You must envisage a cave of some size suitable to contain comfortably from twenty to fifty people. The cave is one of many in this long valley, and each is inhabited, while each is the property of the biggest male within it. The owner-males form a kind of tribe, and at certain times there occurs by agreement the tribal council. Here in this valley there was one of these cave-holders who was Chief, for things happened then as they do now, and the man gifted with leadership and imagination led the others. Only the need to hunt big game, like mammoth, bison, and wild boar, would normally require a council meeting.
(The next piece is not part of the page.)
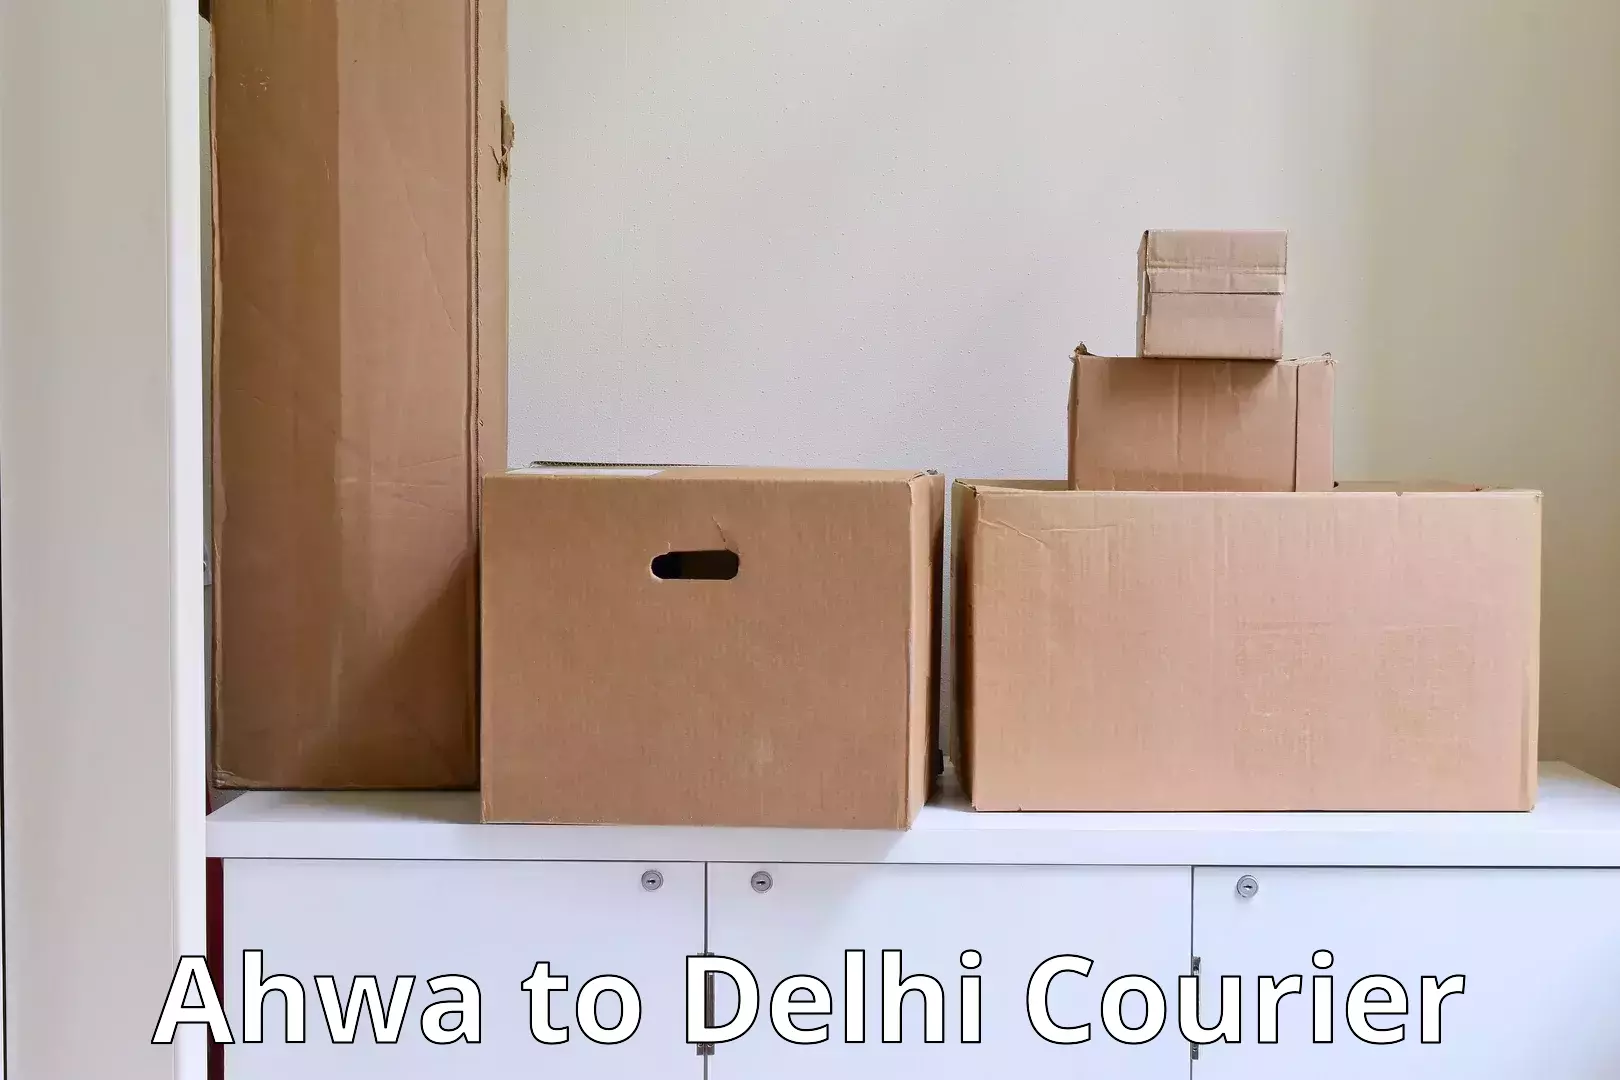 Trusted moving company Ahwa to University of Delhi
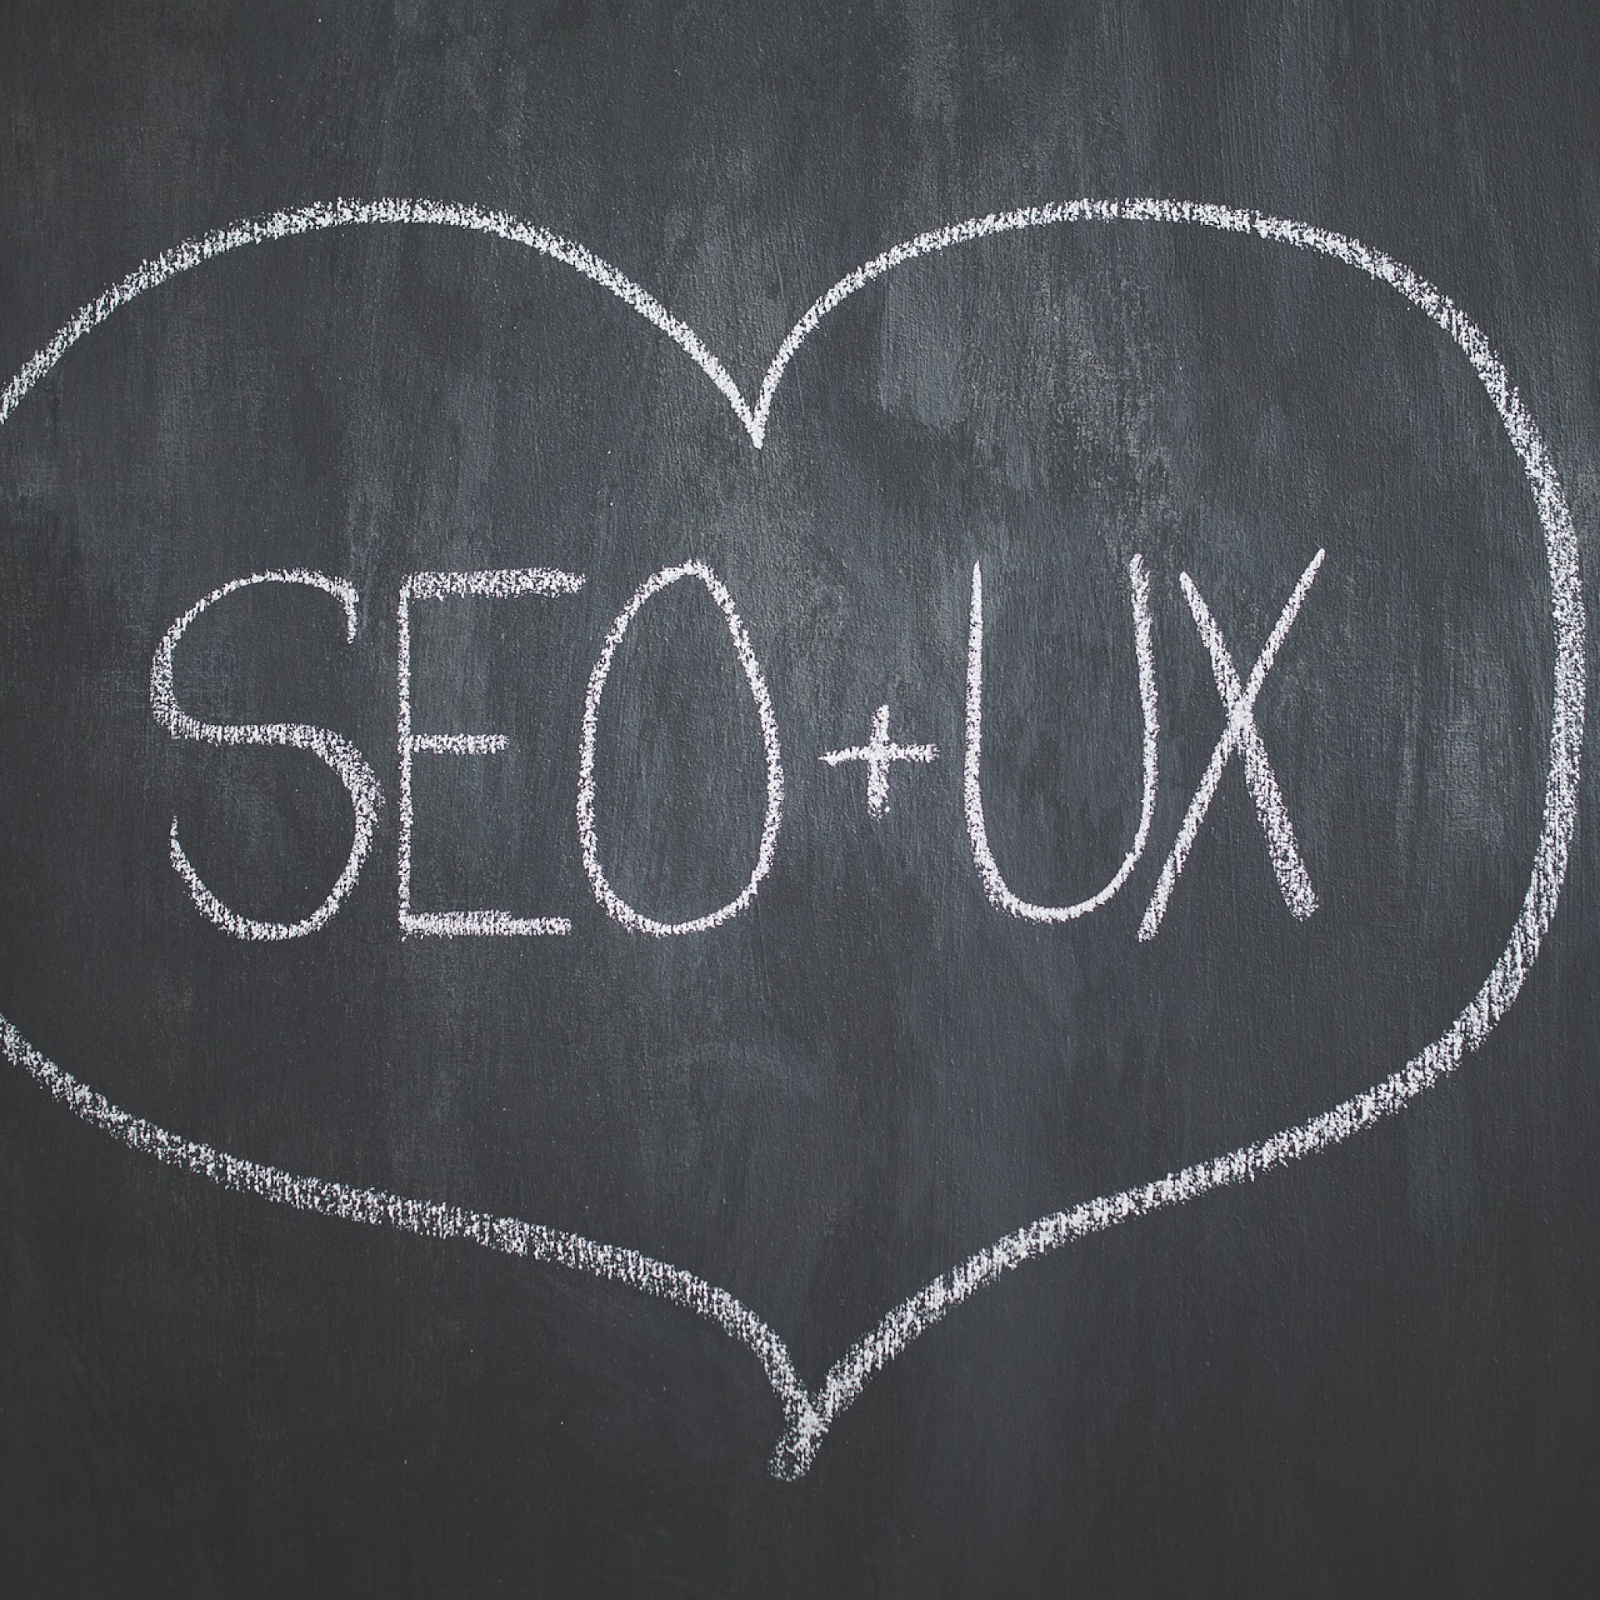 SEO and UX (user experience)

Economically such animals supplied so much in addition to edible meat, for their bones were turned to a score of different uses and their hides were quite as desirable; even their guts were needful to make good bowstrings, and the long, matted hair could be beaten into felt. Yet hunting and killing these powerful beasts with nothing but palaeolithic weapons involved dangers, planning, experience, and skill; casualties were many, and the main occupational disease of the Stone-Age hunter was presumably gangrene. It is thought that the expectation of life in those remote days was no more than forty years.